Paradigm Principle

Understanding your investment options

Understanding your investment options

Investing is full of jargon and technical terms that can make getting started or managing your investments seem intimidating. Here are some of the key terms to help you better understand the different options available to you.

 Common investing terms

There are a few terms that you’ll see repeated when we’re talking about investing.

Bonds – Bonds are a way for corporations or governments to receive a loan from investors for a promised rate of return over a specific period. Bonds can be issued to pay debts, build new facilities or raise funds for future growth.

Cash – Cash investments are savings accounts and other easy-to-access funds like cash management trusts and money market funds. Cash investments are stable and low risk, generally growing slower than inflation or the increase in prices of goods and services over time.

Diversification – Having a diverse group of investments means that you spread your investments across different companies or sectors (for example, shares or fixed interest). This way, if one sector underperforms or has a loss, you have other investments that may perform better and help balance out any losses.

Another way we diversify our investment options and portfolios is by using different investment managers with different approaches to investing. In some cases, we use multiple investment managers in the same option. These are called multi-manager portfolios.

Dividends – Dividends are a portion of profits or earnings paid to shareholders.
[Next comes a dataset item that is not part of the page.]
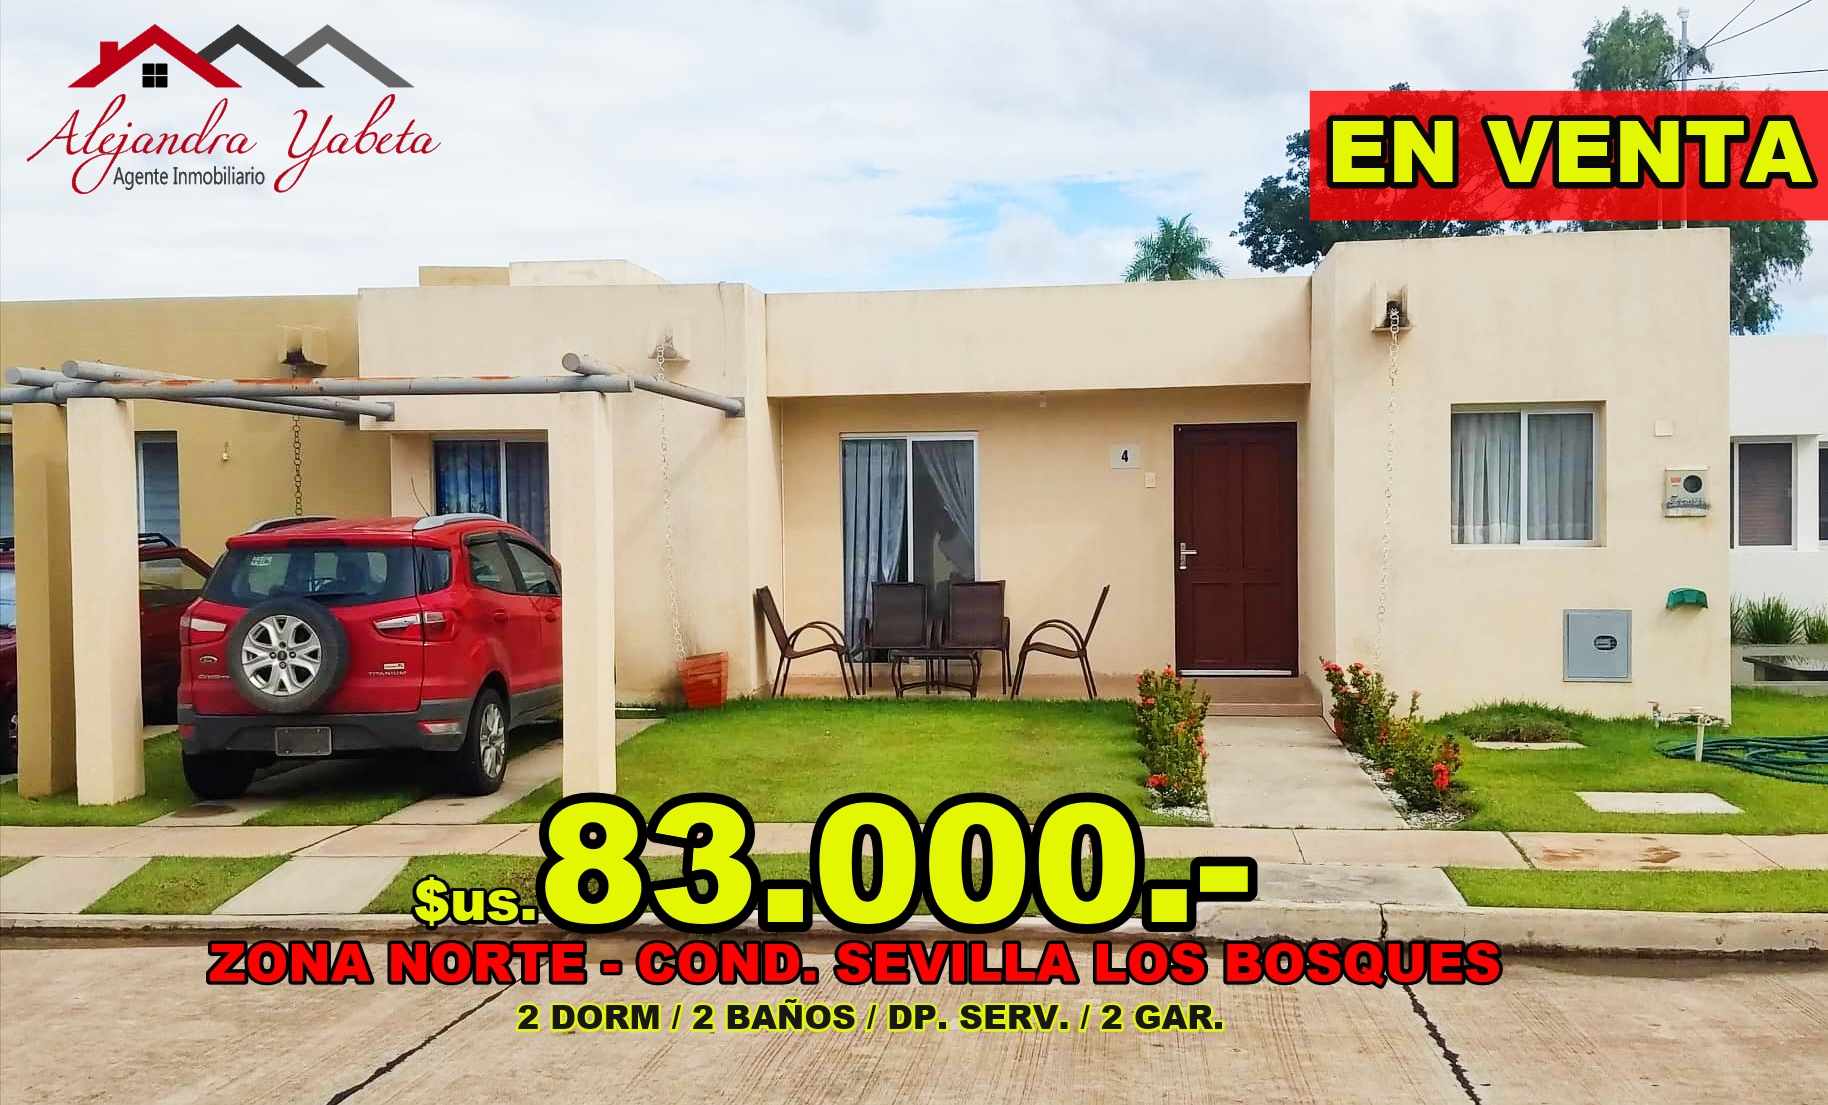 Casa ZONA NORTE - CONDOMINIO SEVILLA LOS BOSQUES - LINDA CASA EN VENTA EN $83.000.- Foto 1

They are paid on a regular basis and, in some cases, can be reinvested into the business in the form of more shares. This can provide shareholders with ongoing income.

Domestic Markets – Domestic markets, shares or companies refer to the variety of investments that are connected to that country, either through where they operate or the investment exchanges on which they reside. In Australia, we would refer to Australian bonds as domestic bonds. Likewise, a US-based fund would refer to the US stock market as the domestic market.

Environmental, Social and Corporate Governance (ESG) – ESG is the consideration of an investment beyond its financial performance. It often includes social and environmental factors, like its impact on the climate, the gender or cultural diversity of staff and leadership or general benefit to society. Investors are increasingly applying these considerations as part of their investing decisions.

Equities – Equities are another name for shares. Equities can be bought directly on the share market or through an investment option.

Fees – A fee is the amount charged by a fund to manage your investments. Fees may vary based on factors including the cost to manage an option, the size of the investment and the management style.

Geared Investments – Geared or ‘leveraged investing’ is a way to borrow money in order to increase the size of an investor’s original investment. Geared investments are often made with higher-risk assets like shares and property.

International and Emerging Markets – International markets can give investors access to a variety of investments, including shares, securities, property or bonds from nations other than their own.

International markets can be volatile because of international trade relations or fluctuations in currency value. There is more risk with less stable countries, like those in economic or political turmoil, and less risk in more stable countries.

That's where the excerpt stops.